# Nintendo Wii



## Evolution (Oct 2, 2006)

Ok anyone else like me pre-ordered the new Wii?  I for one, as a huge Nintendo fan can't wait   I so hope the new controller is as cool as they keep talking about.


----------



## Jason_Taverner (Oct 2, 2006)

I've never liked nintendo but I have to say it looks good, and that controller seems great


----------



## pixter (Oct 2, 2006)

My biggest problem with it so far is the name. It lends itself to all kinds of good jokes, though. "Let's go to my house and play with my Wii", etc, etc.


----------



## Aes (Oct 3, 2006)

Or:  "I'm going to put Zelda on my Wii." 

Anyway yeah, the system looks really good.  I haven't bought a Nintendo console (DS excluded) since the Super NES because nothing they've put out has really caught my eye.  The Wii, however, will be going into my home along with a PS3.


----------



## Rane Longfox (Oct 3, 2006)

I can't wait to Wii


----------



## Santeeil (Oct 3, 2006)

Evolution said:
			
		

> Ok anyone else like me pre-ordered the new Wii? I for one, as a huge Nintendo fan can't wait  I so hope the new controller is as cool as they keep talking about.


 
enjoy your games aimed at 0-11 year olds!!!


----------



## Memnoch (Oct 3, 2006)

Santeeil said:
			
		

> enjoy your games aimed at 0-11 year olds!!!


 
lol XBox 360 rocks, PS3 looks awesome, Nintendo will have to have something special to knock, Billy Gates, n Sony off there pedestal


----------



## Joel007 (Oct 3, 2006)

Aes said:
			
		

> "I'm going to put Zelda on my Wii."


 
ooh, zelda, that reminds me

Enjoy your WW2 or whatever


----------



## Santeeil (Oct 3, 2006)

Wi i will Joel thanks lol . . .


----------



## Evolution (Oct 3, 2006)

pixter said:
			
		

> My biggest problem with it so far is the name. It lends itself to all kinds of good jokes, though. "Let's go to my house and play with my Wii", etc, etc.




Yeah I agree it is a stupid name, but it does get people taking.

Im just waiting to get my hands on this cool new controller, its going to bring such life into the games.
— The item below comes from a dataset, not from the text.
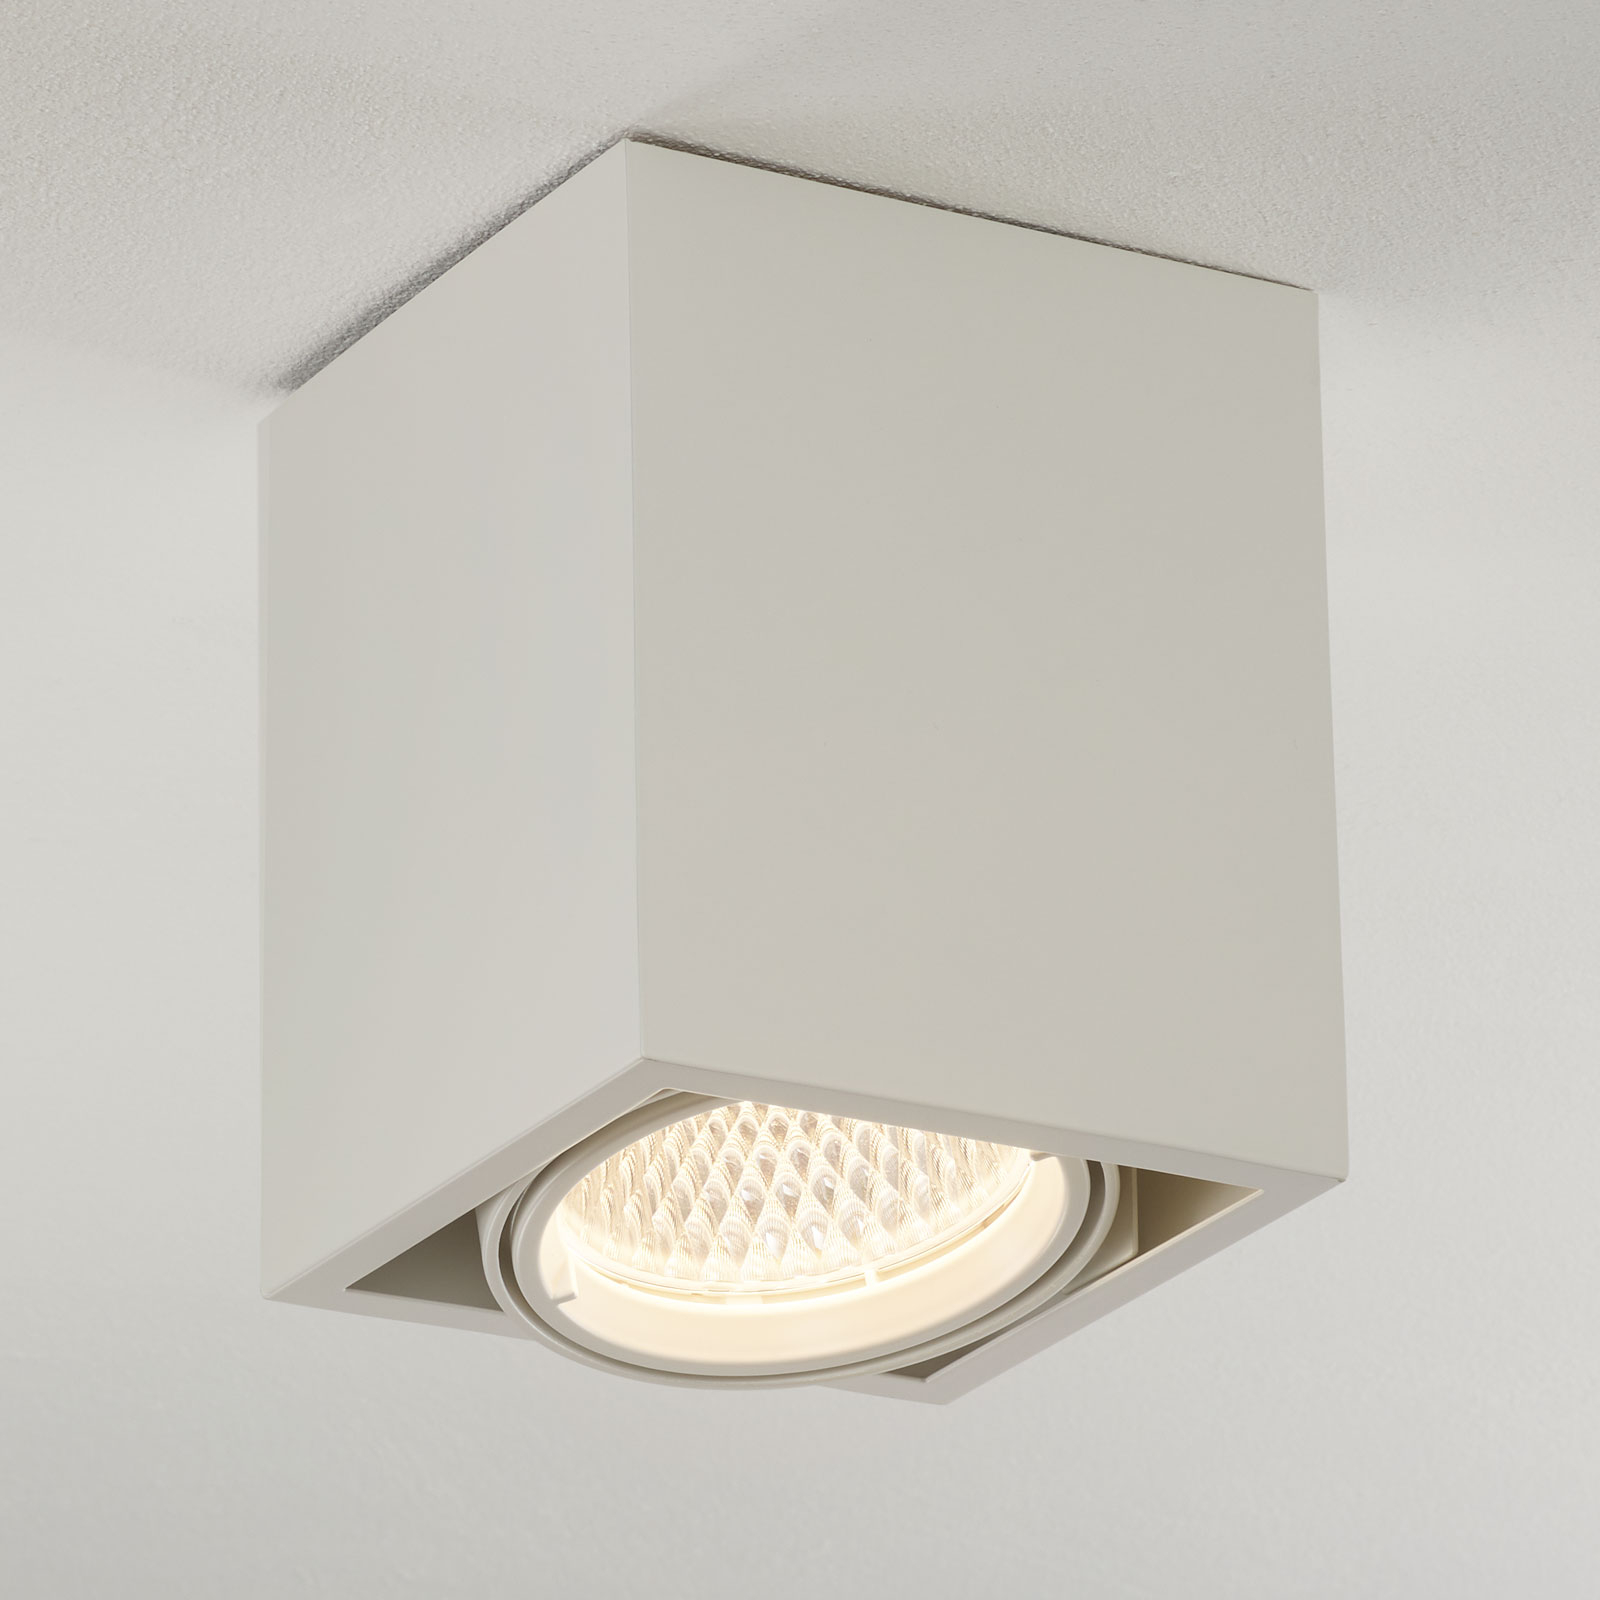 Arcchio Cirdan lampa sufitowa LED 1-punktowa biała

Your feel like your part of it, not just some gamer at the other end banging a few buttons. Nintendo have always been at the forefront for new inventions and they get a big thumbs up from me.


----------



## Evolution (Oct 3, 2006)

Santeeil said:
			
		

> enjoy your games aimed at 0-11 year olds!!!



Yep i will


----------



## Evolution (Oct 3, 2006)

Aes said:
			
		

> Or:  "I'm going to put Zelda on my Wii."
> 
> Anyway yeah, the system looks really good.  I haven't bought a Nintendo console (DS excluded) since the Super NES because nothing they've put out has really caught my eye.  The Wii, however, will be going into my home along with a PS3.
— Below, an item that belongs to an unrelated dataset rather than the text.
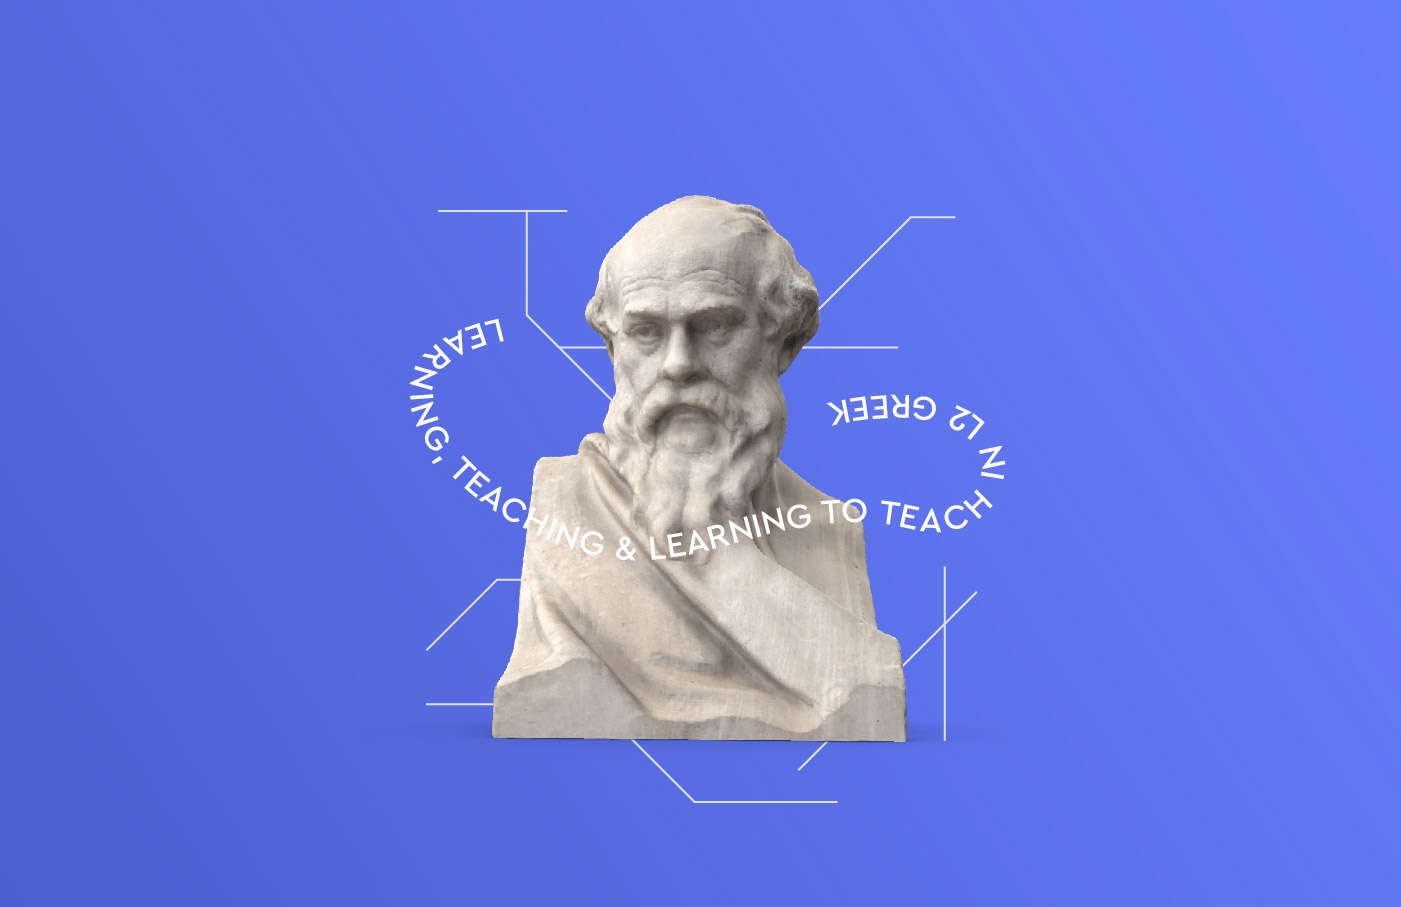 learning teaching greek research university logo design branding lines azure blue

Yeah Wii and PS3 for me too


----------



## Evolution (Oct 3, 2006)

Memnoch said:
			
		

> lol XBox 360 rocks, PS3 looks awesome, Nintendo will have to have something special to knock, Billy Gates, n Sony off there pedestal



Nintendo have something special. Its called the Wii   Watch this space.


----------



## Santeeil (Oct 5, 2006)

Evolution said:
			
		

> Nintendo have something special. Its called the Wii Watch this space.


 

"WII Watch" . . . sounds like Neighbourhood watch in Newcastle lol. "Wai aye leek, alreeet!!"


----------



## Evolution (Oct 5, 2006)

erm...not sure if Nintendo have a marketing department, they sure pick stupid names for there consoles.


----------



## Green (Oct 5, 2006)

I don't think I could care less about the Wii. Unless it was a Sega console.
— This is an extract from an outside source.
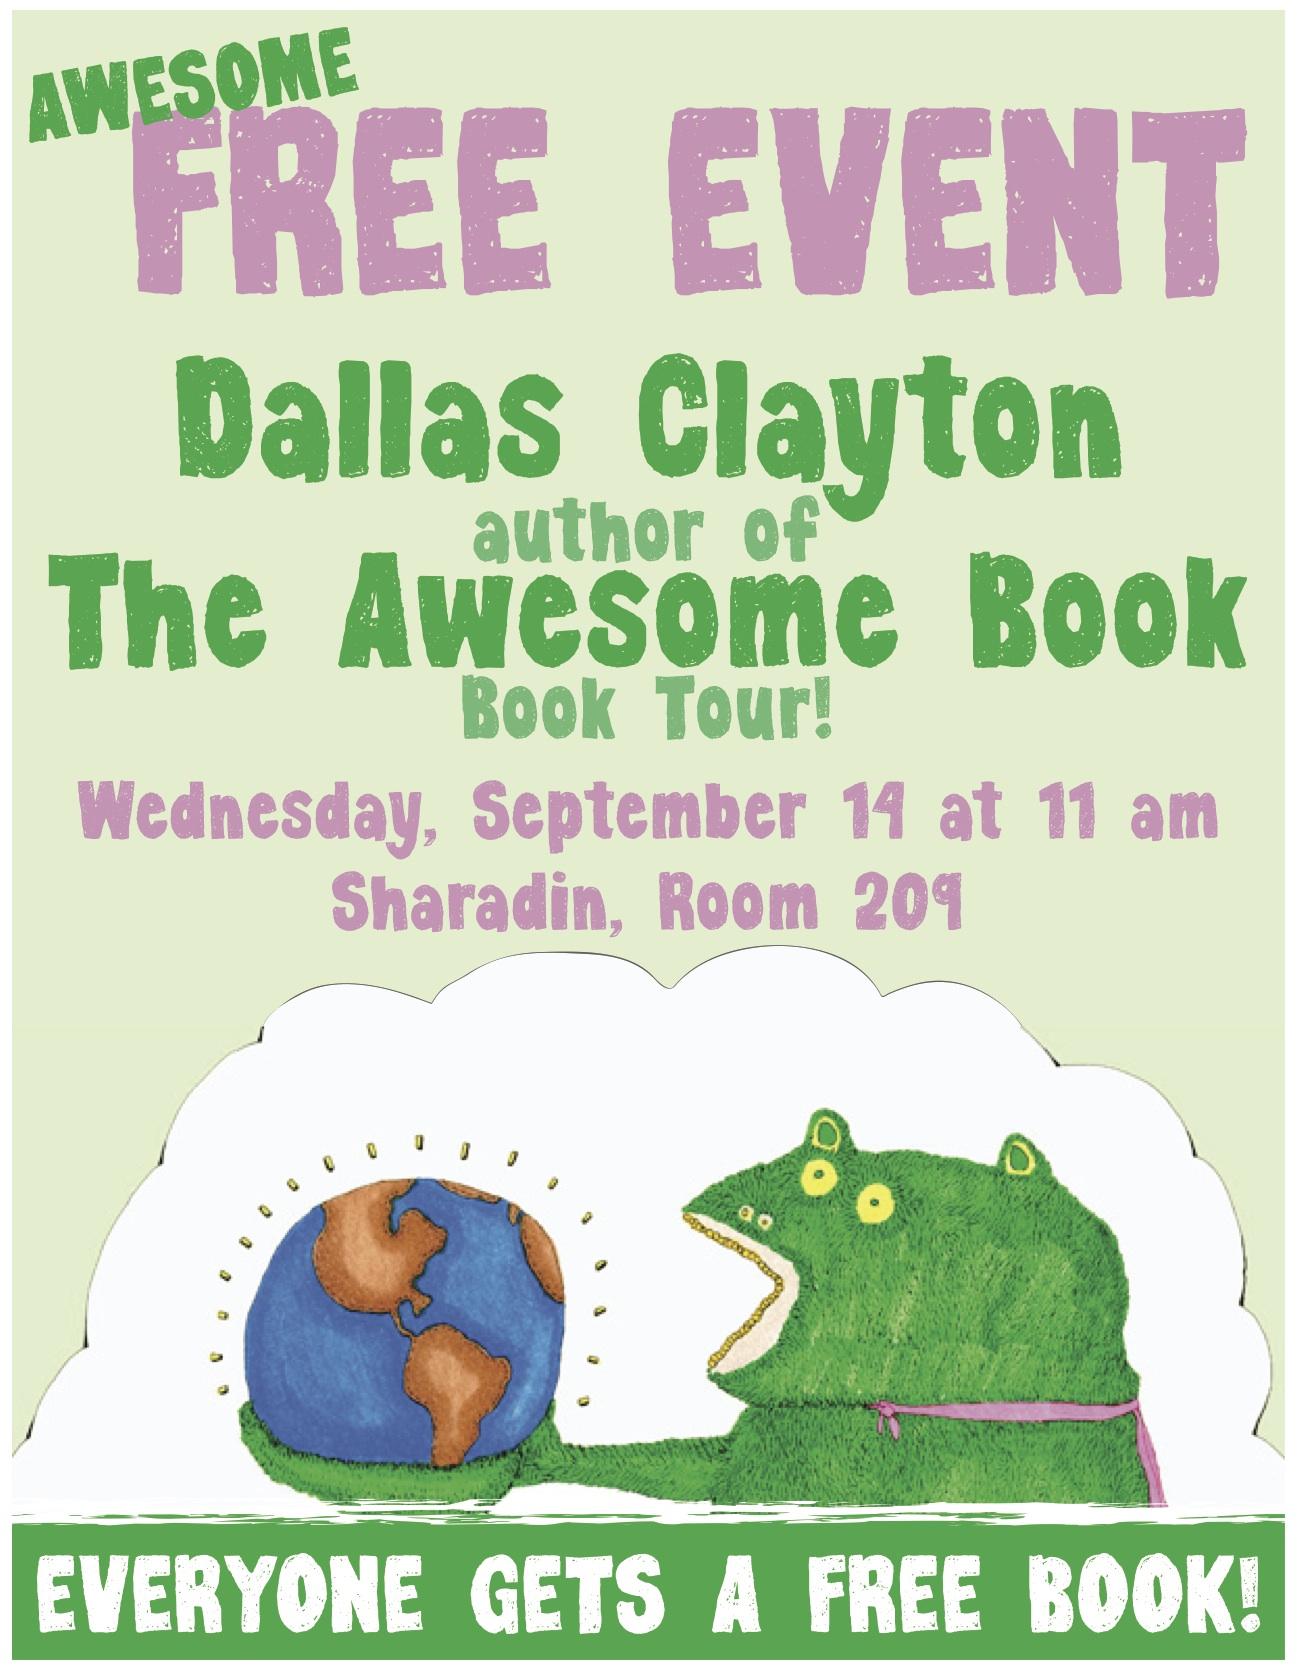 Dallas Clayton's

I can just about bring myself to raise an eyebrow whenever PS3 news comes about, but then I remember its price and the eyebrow drops again.


----------



## McMurphy (Oct 9, 2006)

*Can't Wii all get along?*



			
				Green said:
			
		

> I don't think I could care less about the Wii. Unless it was a Sega console.
> 
> I can just about bring myself to raise an eyebrow whenever PS3 news comes about, but then I remember its price and the eyebrow drops again.


It's nice to see that you are still flaunting your ever positive attitude in the gaming board. 

As far as all this discussion about the Wii only being marketed to 0-11 year olds, I wasn't aware that franchises such as "Call of Duty," "Red Steel," and "Resident Evil" were even meant to be played by anyone under the age of eighteen.  By looking at the Wii's line-up posted on Gamespot.com, it appears to me that more of an effort is being made to include plenty of "teen" and "mature" rated games for Nintendo's audience than the company has for the last two generations of consoles.


----------



## sanityassassin (Oct 9, 2006)

I saw a games show showing what it can do and I'm not too sure about it all the wavingabout to do things looks a bit awkward and cumbersome although some of the games previewed looked quite good


----------



## McMurphy (Oct 10, 2006)

sanityassassin said:
			
		

> I saw a games show showing what it can do and I'm not too sure about it all the wavingabout to do things looks a bit awkward and cumbersome although some of the games previewed looked quite good


Yeah,  I agree.  I am not as excited as some people about Nintendo's route in regards to the controllers.  I like the how the games look, I am excited to see Metal Gear and Dragon Quest franchises return to Nintendo, and the newest and darkest installment of Zelda may just floor the industry like "Ocarina of Time" did back nearly a decade ago.  If that wasn't enough, the price tag, which promises to be the most welcoming to the wallet, may mean that I will not need to wait a few years before even attempting to take part in the next generation of consoles.  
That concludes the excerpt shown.